■ **Supplied records**
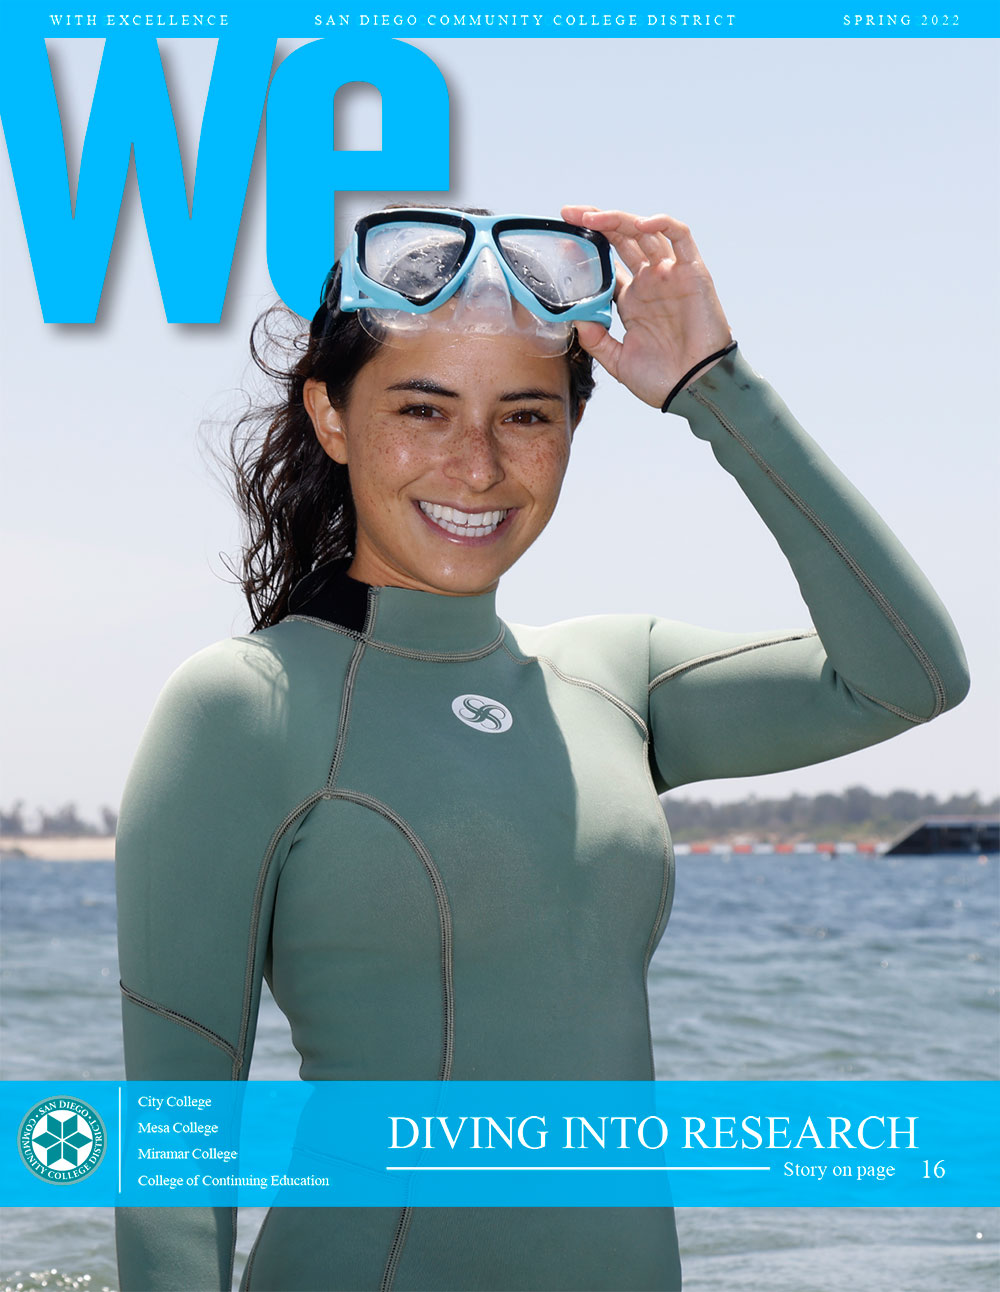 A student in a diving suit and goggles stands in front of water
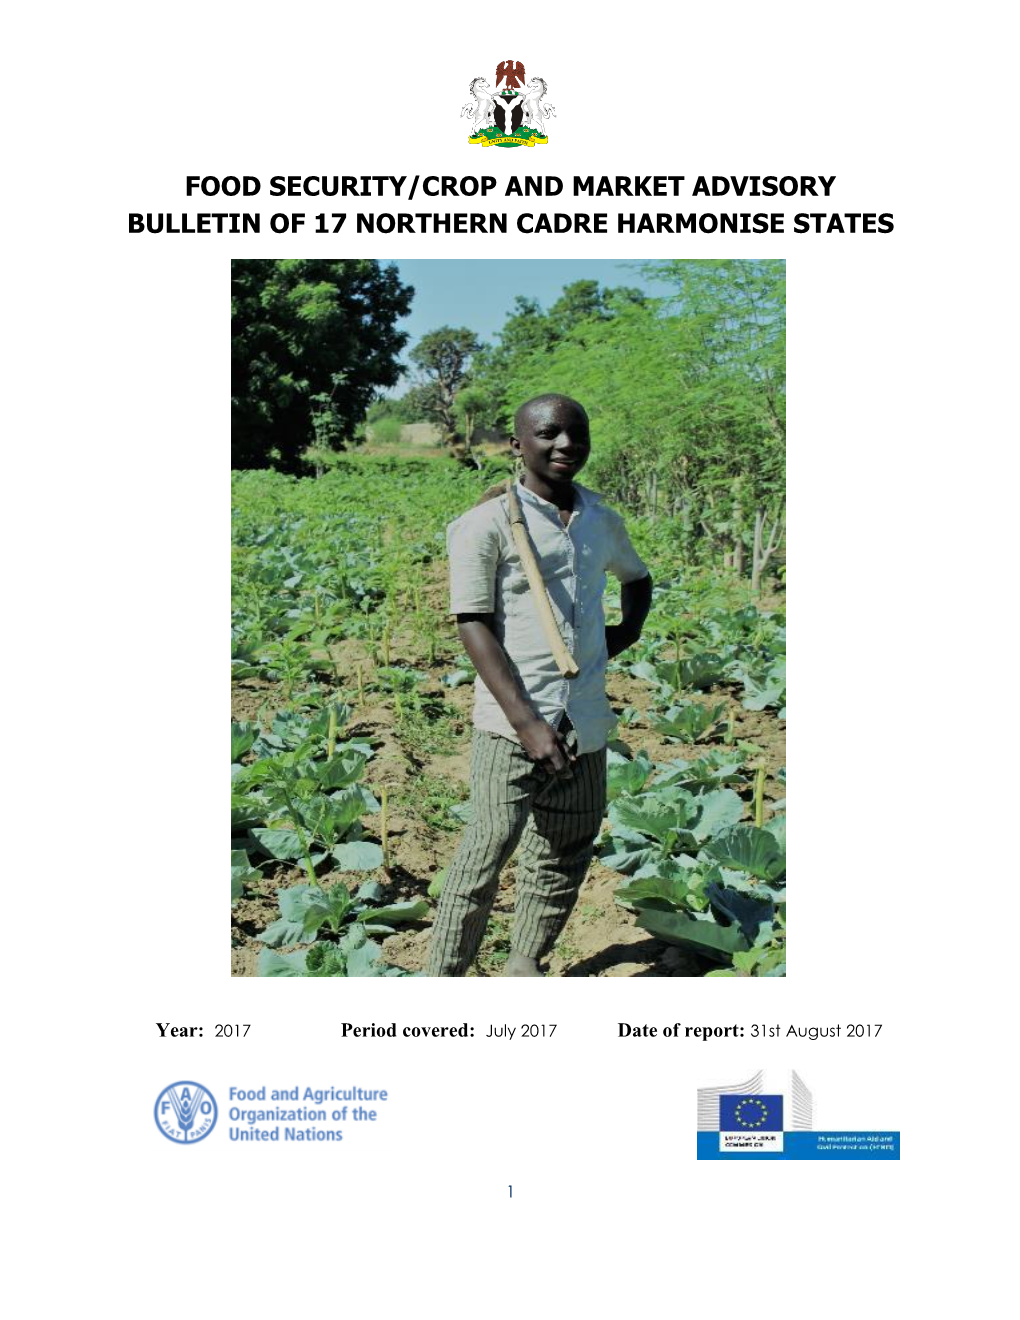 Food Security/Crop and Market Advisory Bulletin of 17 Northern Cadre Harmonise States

...

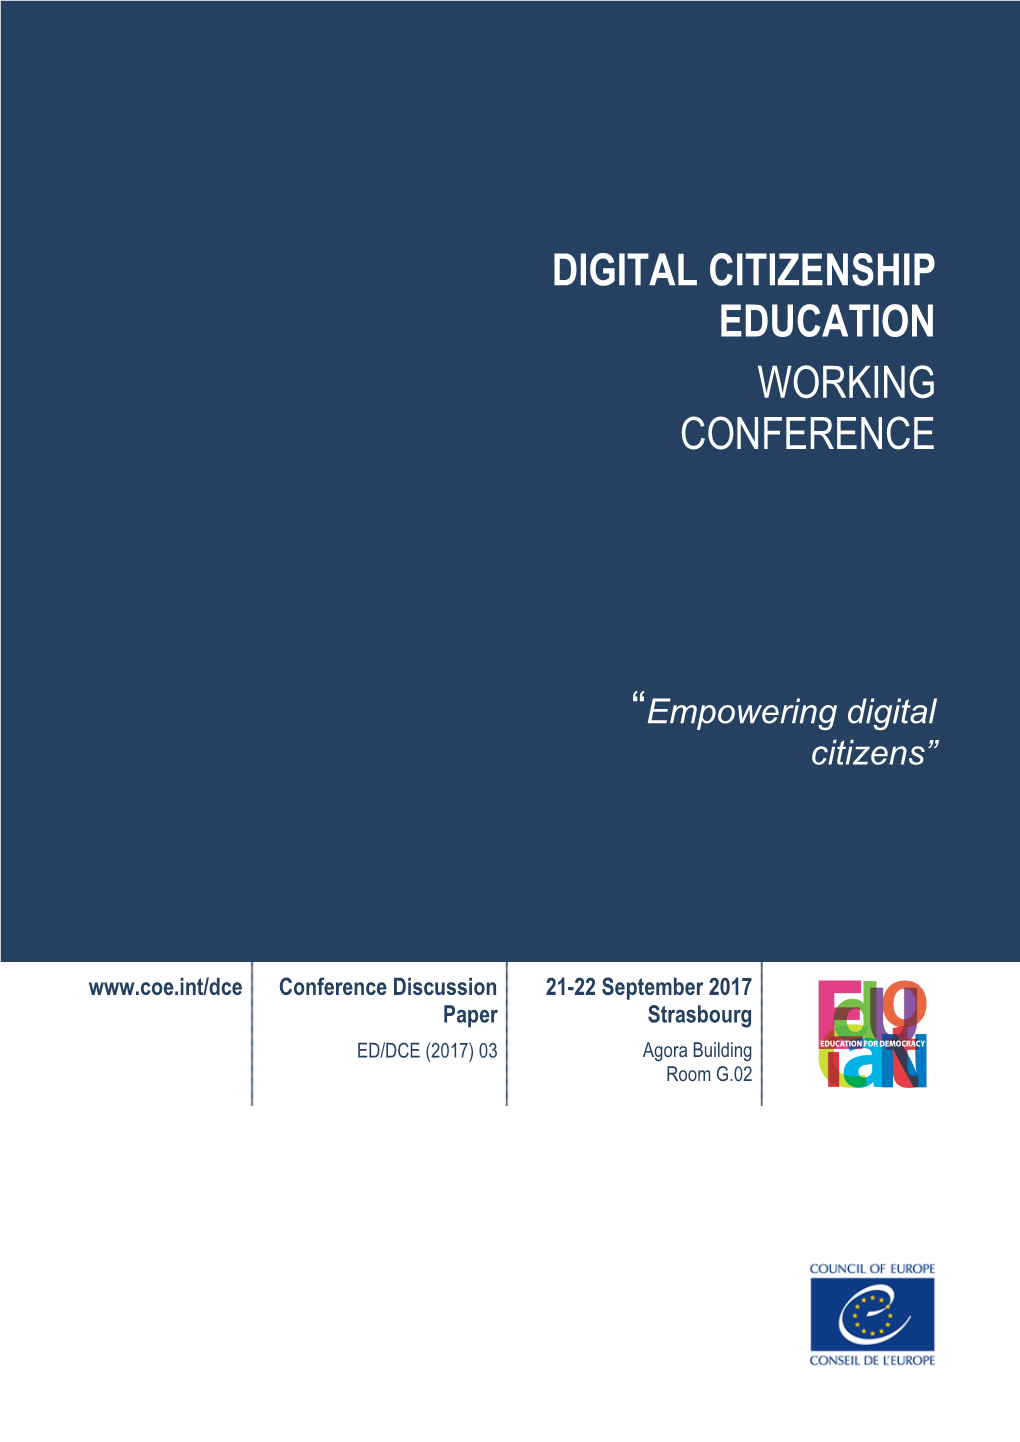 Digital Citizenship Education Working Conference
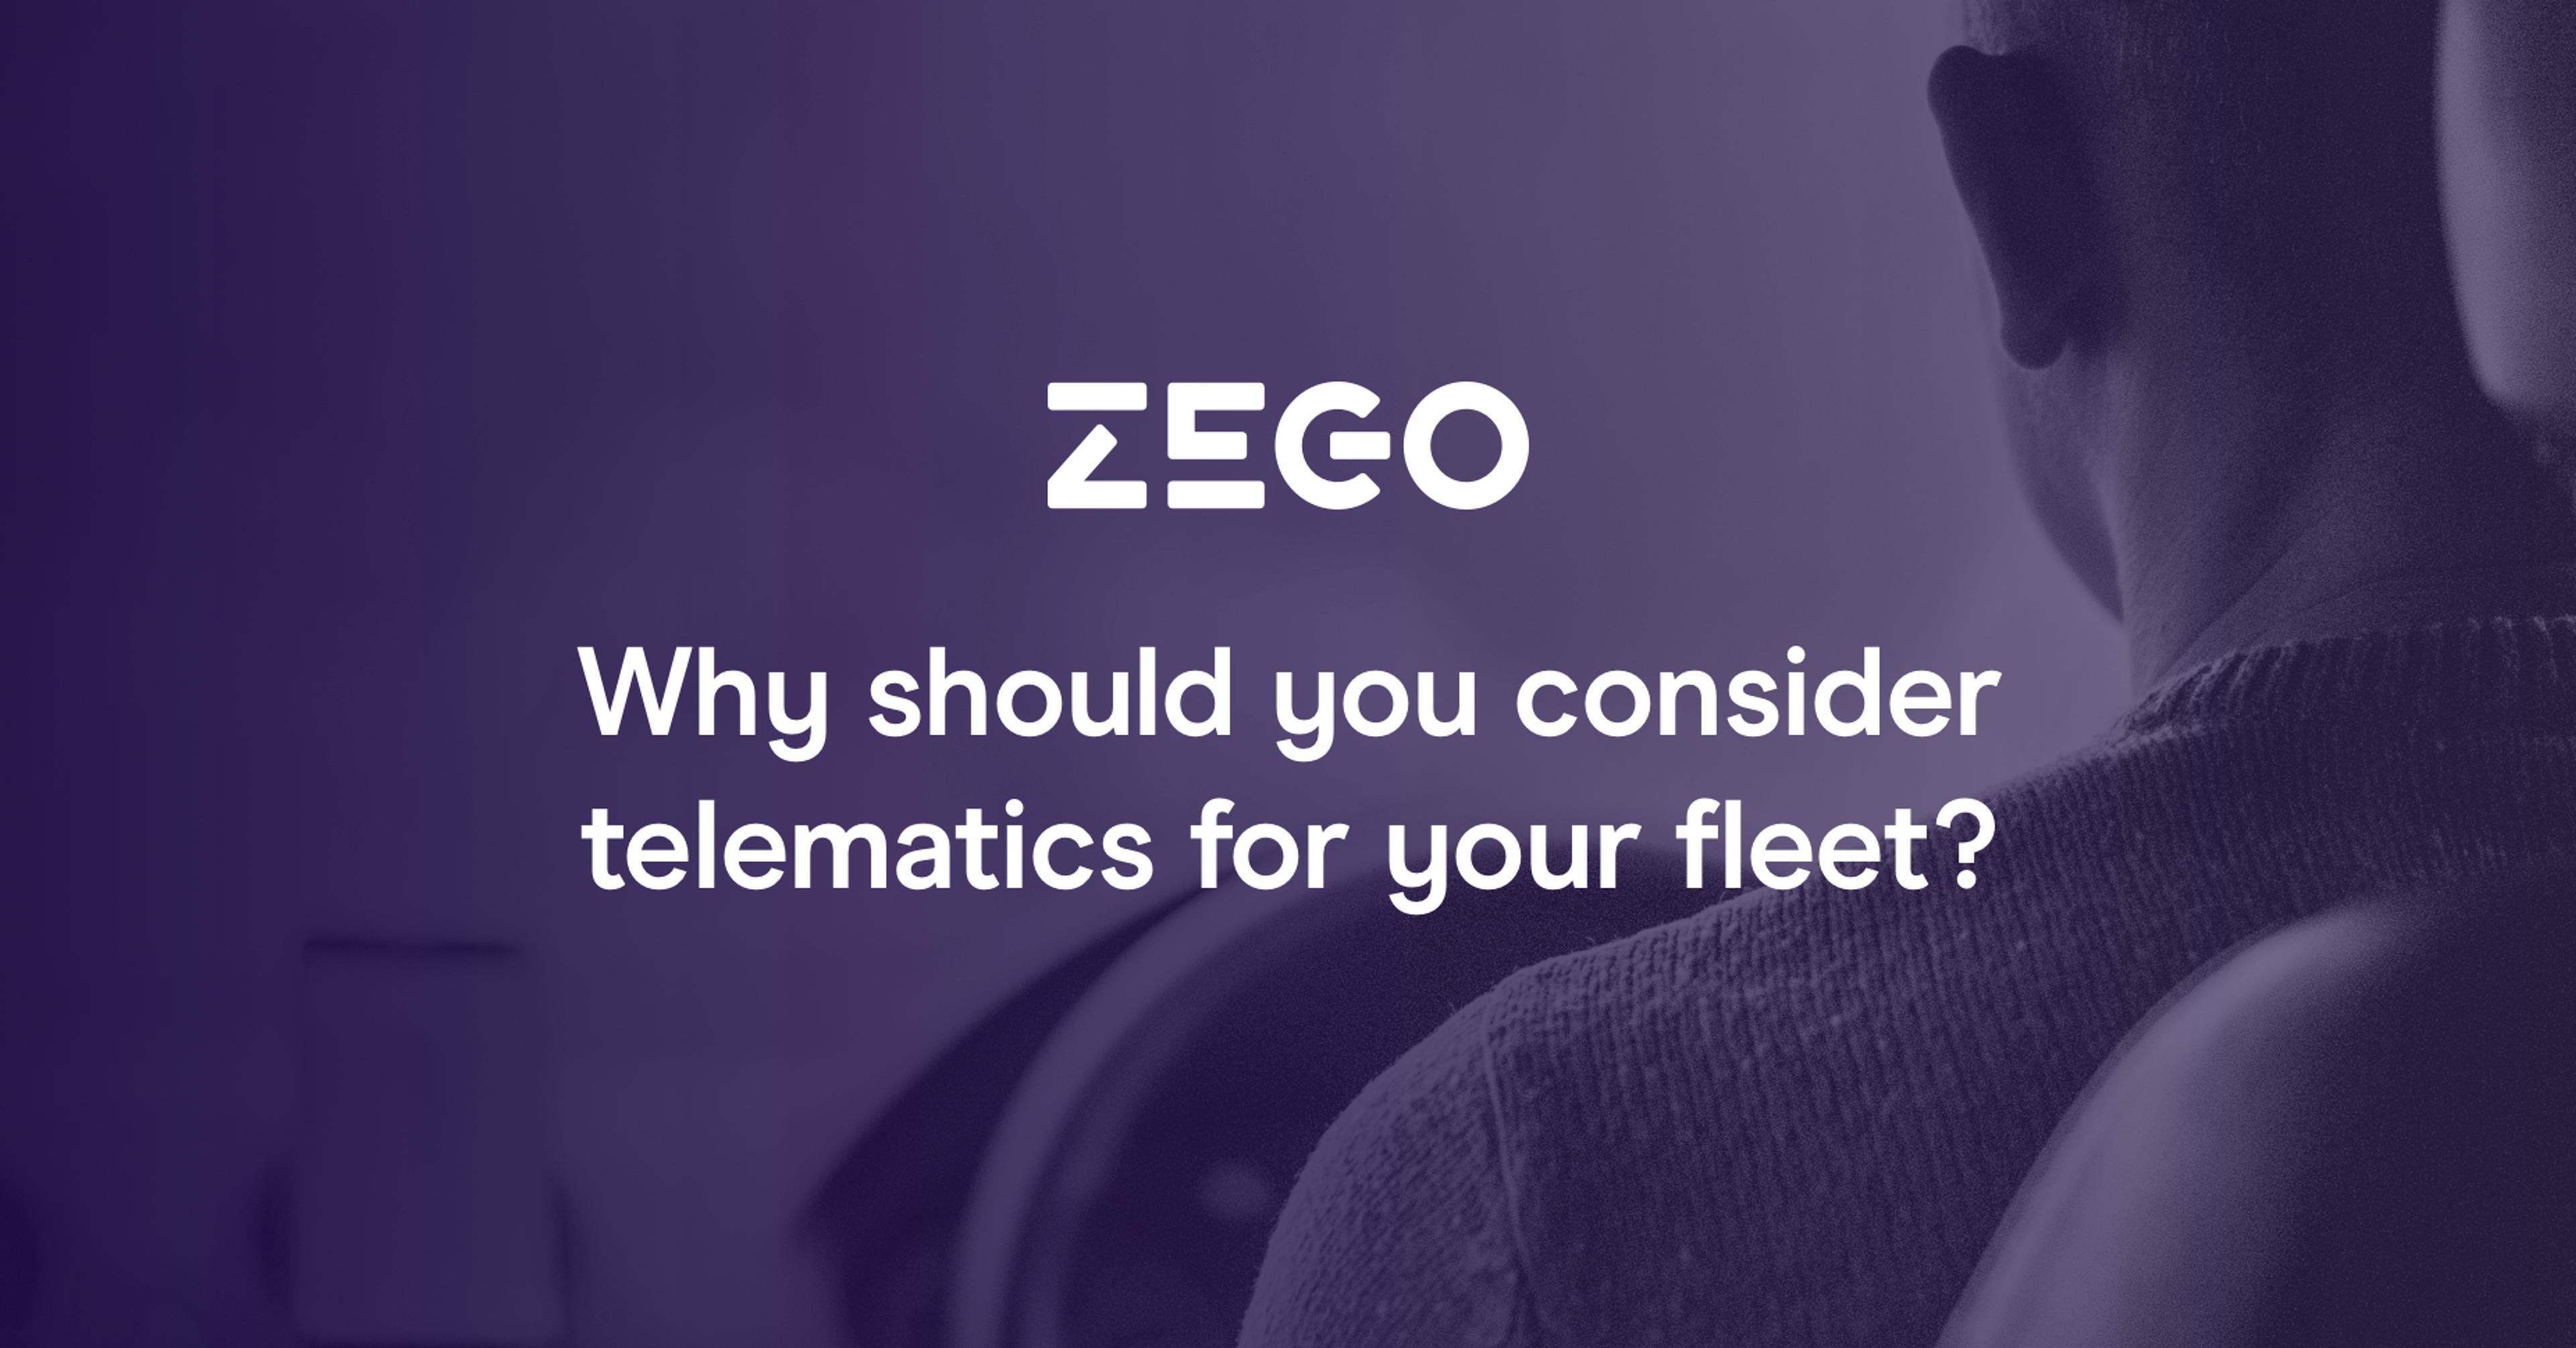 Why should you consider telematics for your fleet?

---

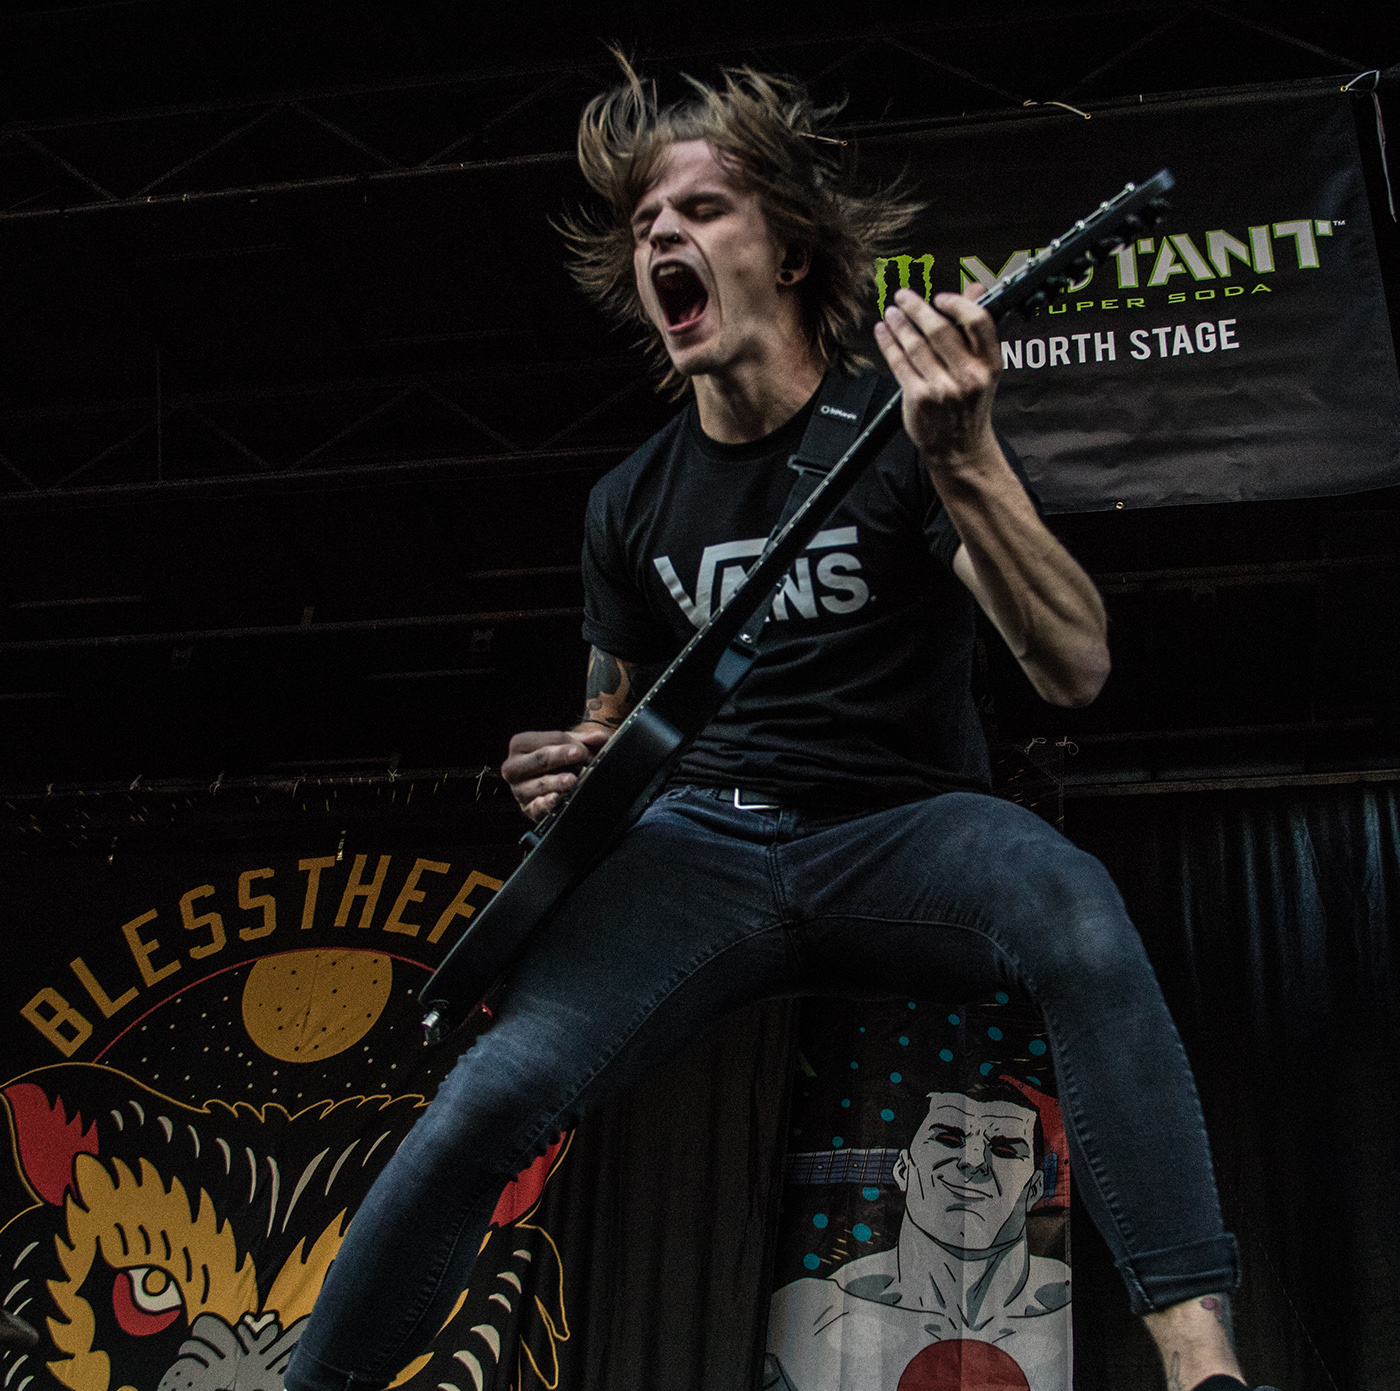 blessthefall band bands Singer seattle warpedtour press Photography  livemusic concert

■ **Task prompt**
Copy word for word the lines of the records above from the one with "A student in" up to and including the one with "Food Security/Crop and". Skip the pictures.

■ **Your response**
 A student in a diving suit and goggles stands in front of water
 Food Security/Crop and Market Advisory Bulletin of 17 Northern Cadre Harmonise States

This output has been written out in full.